How to read a unicode string in form of individual ascii chars and detect that it was actually unicode in the fastest way possible?

Question

I am making a library which lets user insert and search key-value pairs as trie data structure. When I insert a unicode string, it breaks down into 4 characters(utf-8)(which is okay), but each character becomes ‘?’. So I tried using setlocale(LC_ALL, "") which didn’t work (or maybe I just dunno what are the right arguments for my case and where to call it). I don’t really care about printing or reading the character as it is. All I want is that it can somehow be represented uniquely.

In my trie there are links like node *next[256].

So all I want is when a unicode string gets inserted, it gets inserted as a unique combination which would make it possible to search that string uniquely.

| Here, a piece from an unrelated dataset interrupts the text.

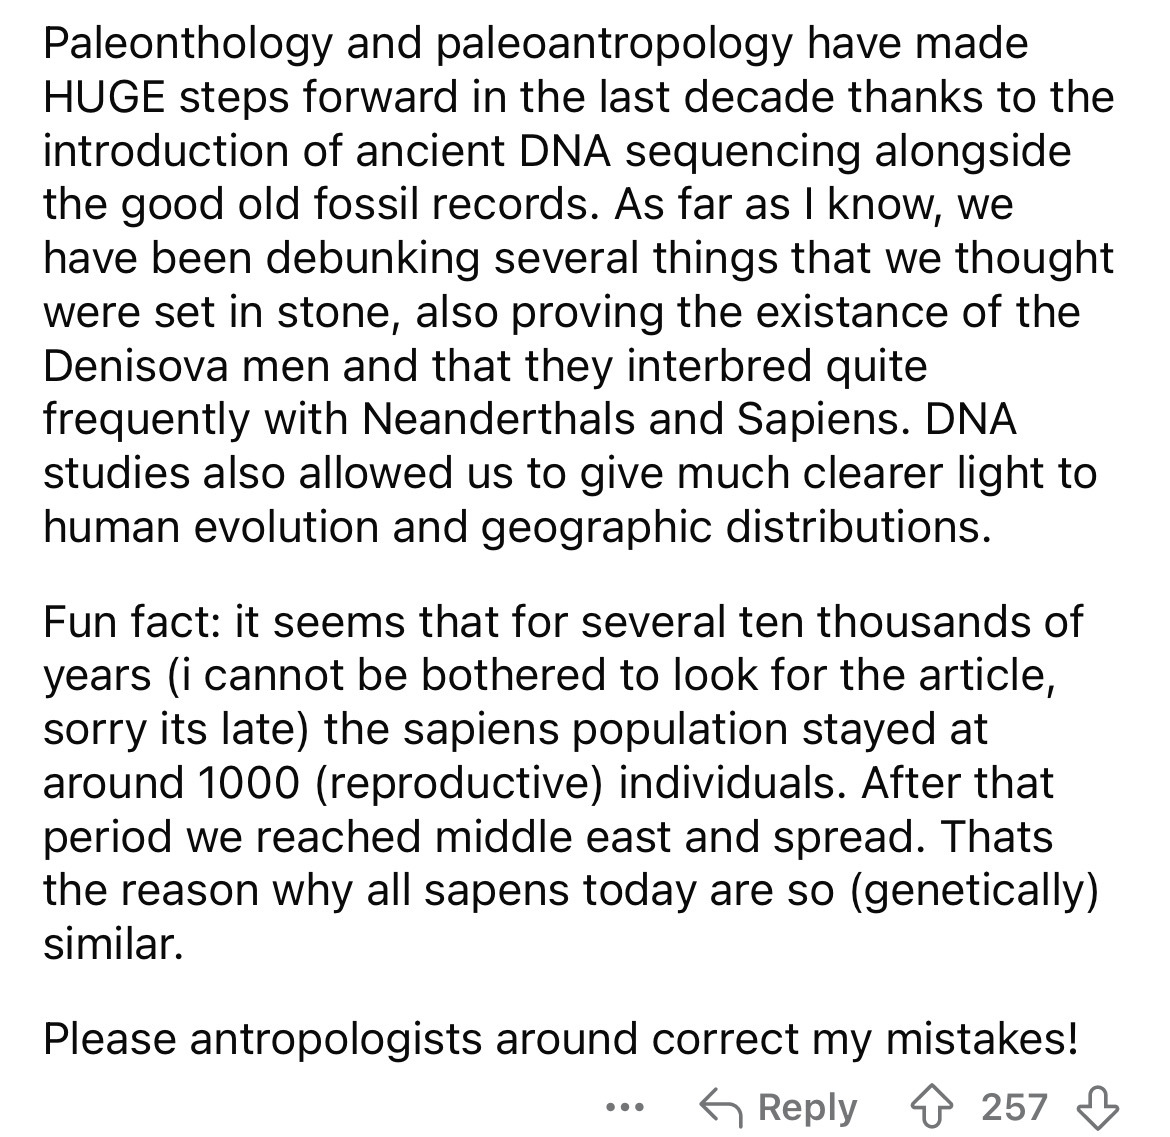 document - Paleonthology and paleoantropology have made Huge steps forward in the last decade thanks to the introduction of ancient Dna sequencing alongside the good old fossil records. As far as I know, we have been debunking several things that we thoug

Also I want a way to detect that a unicode character was broken down into 4 individual chars. Thats because, e.g., If in a string “wxyz" a unicode character “x” is broken down into a,b,c,d then trie would store “wabcdyz”. But if I was actually searching a string wabcdyz(not unicode), then it would find the entry for that string but that would be a mismatch.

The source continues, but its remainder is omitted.